Sometimes the problem isn’t hiding somewhere deep in the background and avoiding detection, leaving you spending far too much time focusing on where you think it might be rather than where it lies. Why are my characters not doing anything? Is it because they’re boring? Or that I don’t know what I want them to do? Or that I’ve just jumped into this project with a hell of a lot less preparation than I thought?
No, the issue, I find as of late, is my own damn problem. Being afraid to let those characters do what they need to do. I need them to get into trouble. I need them to cause trouble. I need to strip away more of their worries and fears and make them face them all, whether they’re ready for it or not. It’s an issue I’ve had before, really, and it’s usually caused by going from one extreme to another. I’ve reread some of my older work (trunked, private and otherwise) and noticed I go in waves. At some point I’ll have decided my creative outlets will feature as few filters or barriers as possible and those works will have a bit of wildness to them. Then I’ll go the other way, and write characters that work from an area of personal and/or emotional safety.

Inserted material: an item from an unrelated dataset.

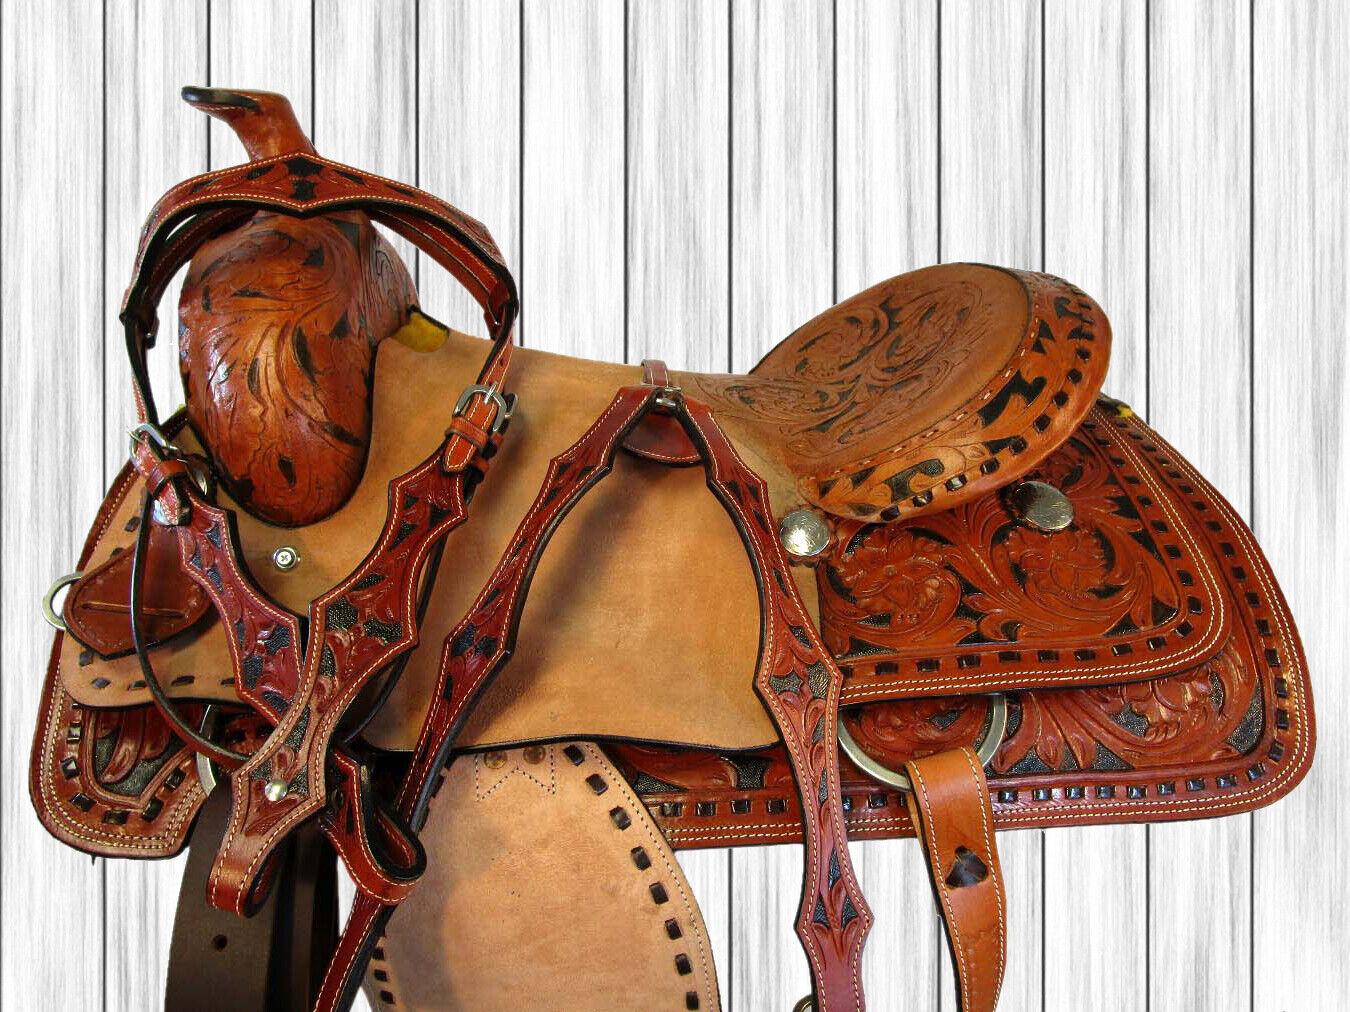 Usado 16 17 duro asiento Rodeo Rancho Trail Roper amarrar Cowboy Western Horse Saddle

Now that I think about it, having written Diwa & Kaffi, which is very much the latter, it’s taken me some time to readjust. [Certainly there are a few personal issues at stake too; I wrote that not long before those final extremely stressful months at the Former Day Job. It took me a lot longer than I thought to work my way out of that mental/emotional situation.]
Which I think is why I feel that both Current Projects have finally broken through those barriers. The only way I could do it is to make the decision for both: I shouldn’t give these characters nearly as much protection as I’d been giving them. They need to face more dangers, more uncertainty. Weird things, bad things will happen to them, or to those around them, and they’ll need to process them. It’s what these projects deserve.
That doesn’t mean I won’t write in the ‘safe’ style of Diwa & Kaffi, of course. I just need to remember that each story I write has a different style that needs specific levels of conflict to make them work.